Bronchial artery embolization (BAE) is currently the first-line treatment for massive hemoptysis. Previous studies have proven its safety and efficacy, with mild, transient, and reversible complications. This case described a patient with congenital multiple bronchopulmonary fistulas who underwent BAE due to massive hemoptysis. However, due to an overlooked and misdiagnosed atypical fistula, the patient experienced an ectopic pulmonary embolism and subsequently secondary pulmonary infarction. He eventually exhibited a full postoperative recovery following percutaneous catheter-directed embolectomy. This case revealed a type of occult fistula masked by multiple bronchial artery branches, which may be a potential risk factor for an ectopic pulmonary embolism during BAE. We propose that it is crucial to identify abnormal anastomosis, especially atypical fistula, and select appropriate embolization materials during BAE.

Introduction

Bronchial artery embolization (BAE) is the primary treatment for recurrent hemoptysis unresponsive to drug therapy, particularly in patients with progressive hemoptysis (1, 2). Despite its safety and efficacy, BAE carries an inherent risk of complications. For example, ectopic embolism is one of the rare and serious complications that arise as a result of vascular malformations of the pulmonary and bronchial arteries, such as fistulas. These include bronchial artery-pulmonary artery fistula, bronchial artery-pulmonary venous fistula, pulmonary arterio-venous fistula, and other abnormal communications between systematic artery and pulmonary vessels, which can be further divided into congenital and acquired fistula (3–6).
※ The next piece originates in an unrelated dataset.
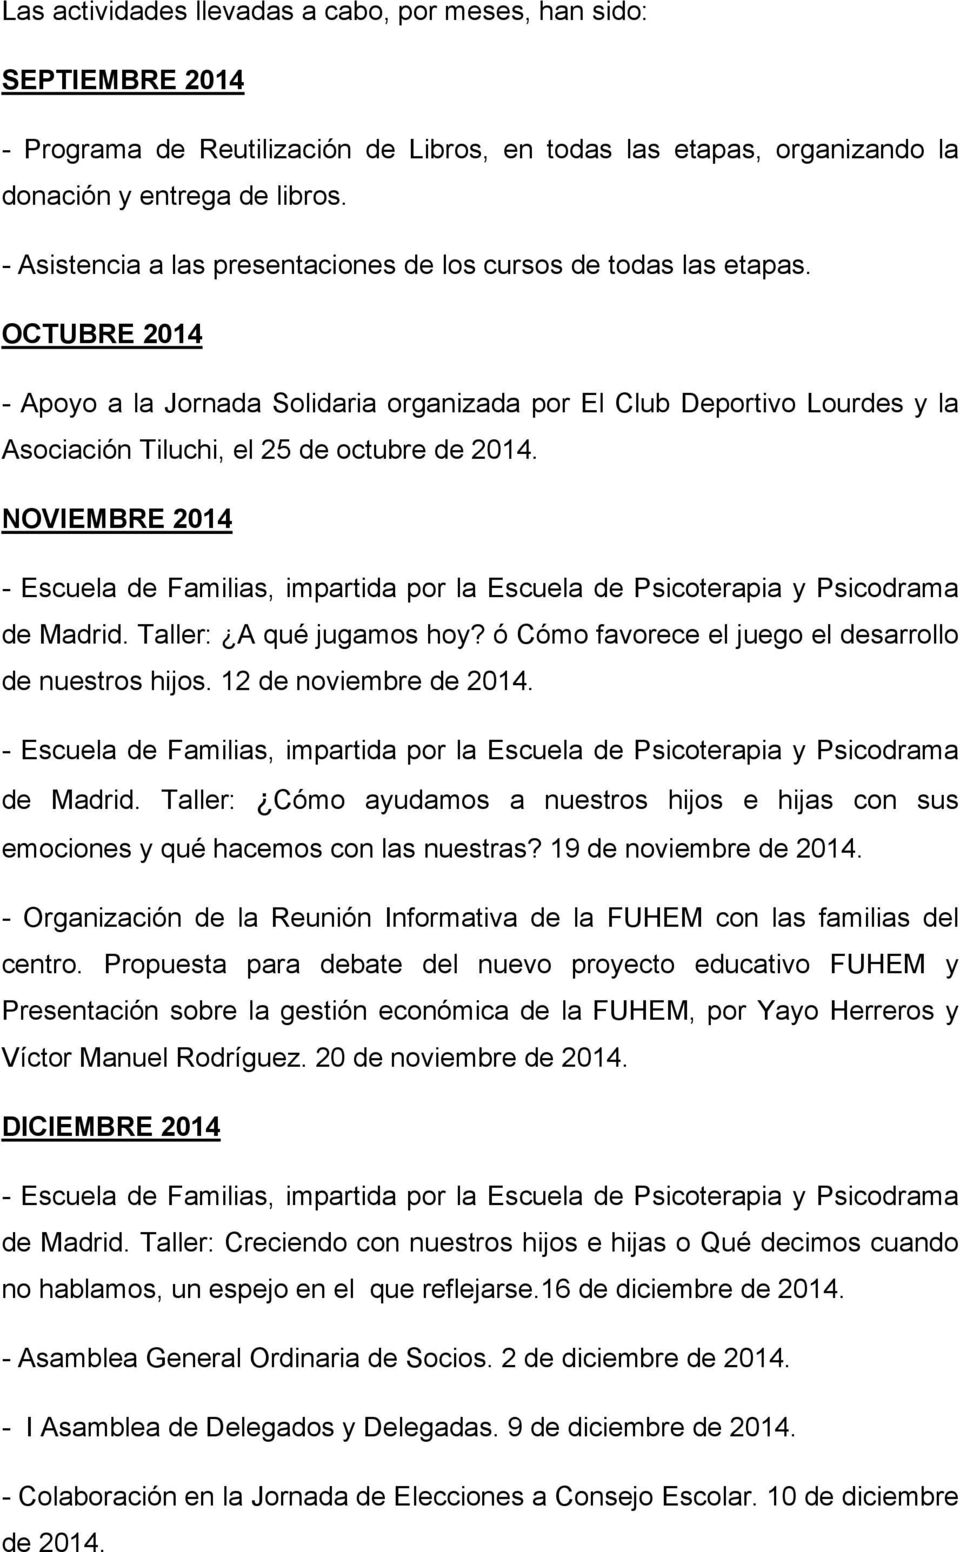 OCTUBRE 2014 - Apoyo a la Jornada Solidaria organizada por El Club Deportivo Lourdes y la Asociación Tiluchi, el 25 de octubre de 2014.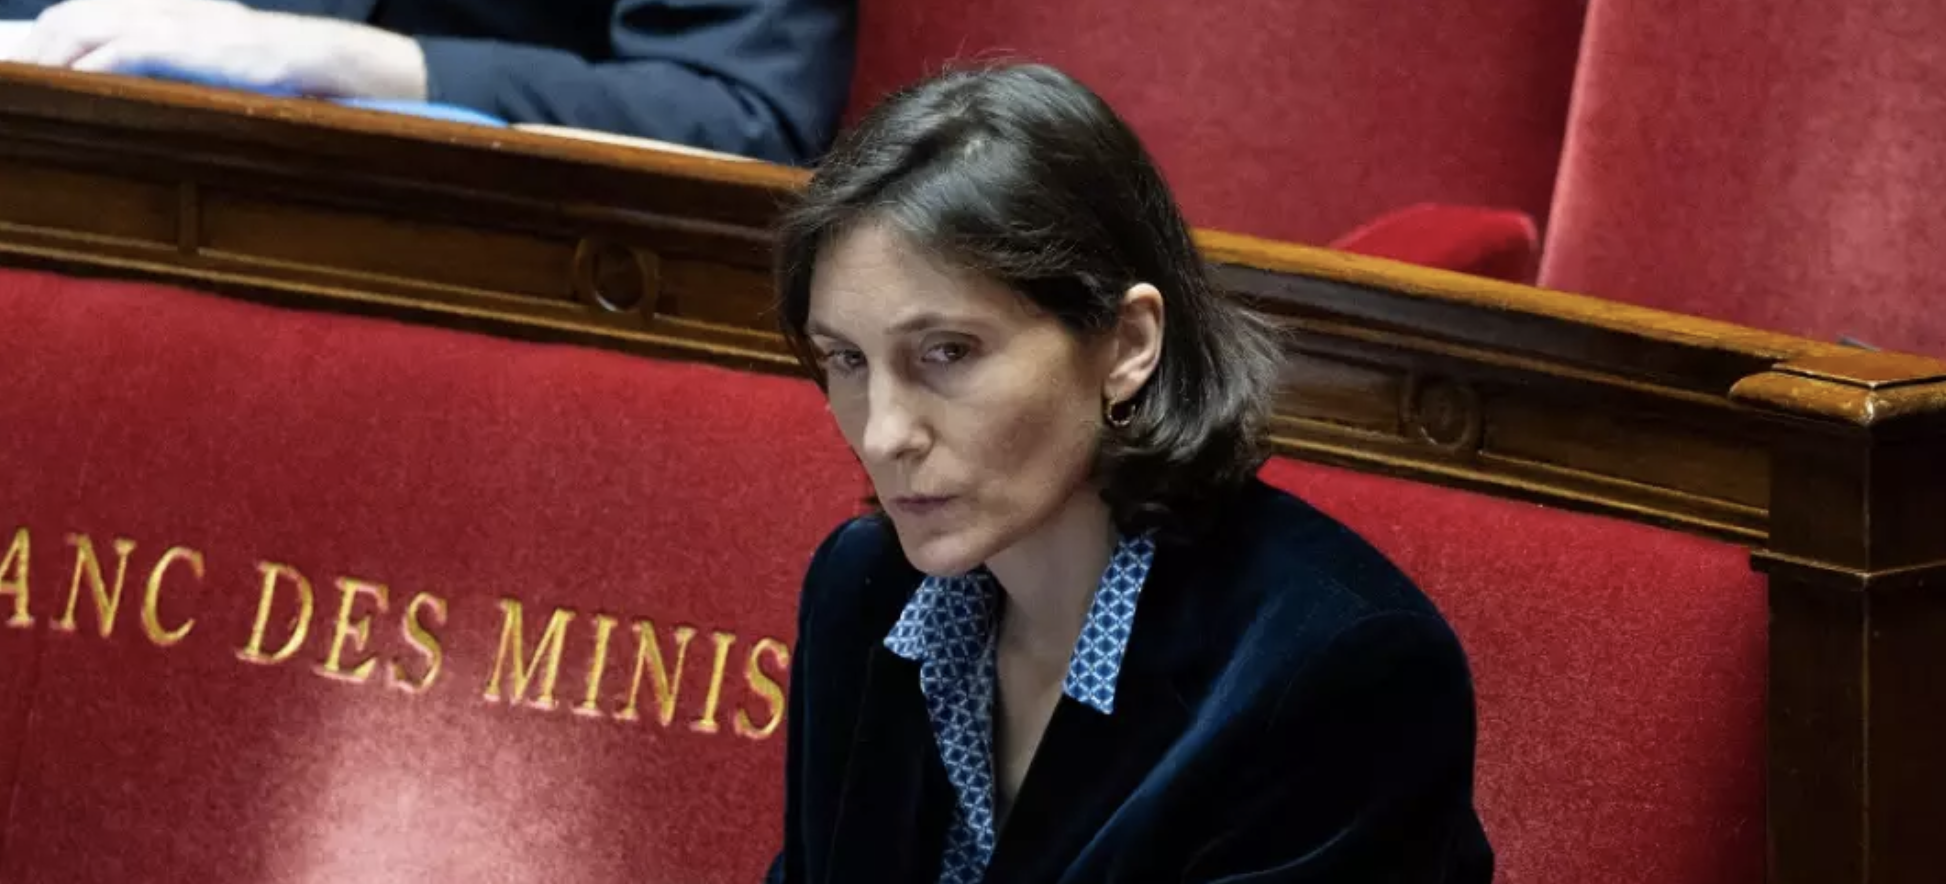 "Il faut qu’elle dégage" : les élus de la majorité irrités par l’affaire Amélie Oudéa-Castéra

Herein, we report a patient with multiple congenital bronchopulmonary artery fistulas complicated by an ectopic pulmonary embolism during BAE. In this case, a type of occult fistula masked by multiple bronchial artery branches was described. It confirmed that materials injected into the bronchial circulation could indeed reach the pulmonary circulation during BAE.

Case presentation

A 59-year-old man was admitted due to acute hemoptysis, with an estimated blood loss of 100–200 ml/day. The patient had a history of hypertension for more than 5 years and was treated with amlodipine (5 mg once daily). He had no prior chronic lung disease and was a non-smoker, without alcohol consumption, illicit drug use, and any home or occupational exposures. On admission, a physical examination revealed a body temperature of 36.4℃, blood pressure of 135/80 mmHg, heart rate of 80 beats per minute, respiratory rate of 18 breaths per minute, and oxygen saturation of 93% on room air. A chest CT scan showed scattered ground-glass opacities in the right middle lobe. His coagulation profile, renal function, and liver function were within normal limits. Initial treatment with Hemocoagulase Bothrops Atrox (2U intravenously twice daily) and vitamin K1 (10 mg intravenous drip once daily) was administered without yielding satisfactory effects. Subsequently, emergency BAE was performed due to sudden massive hemoptysis.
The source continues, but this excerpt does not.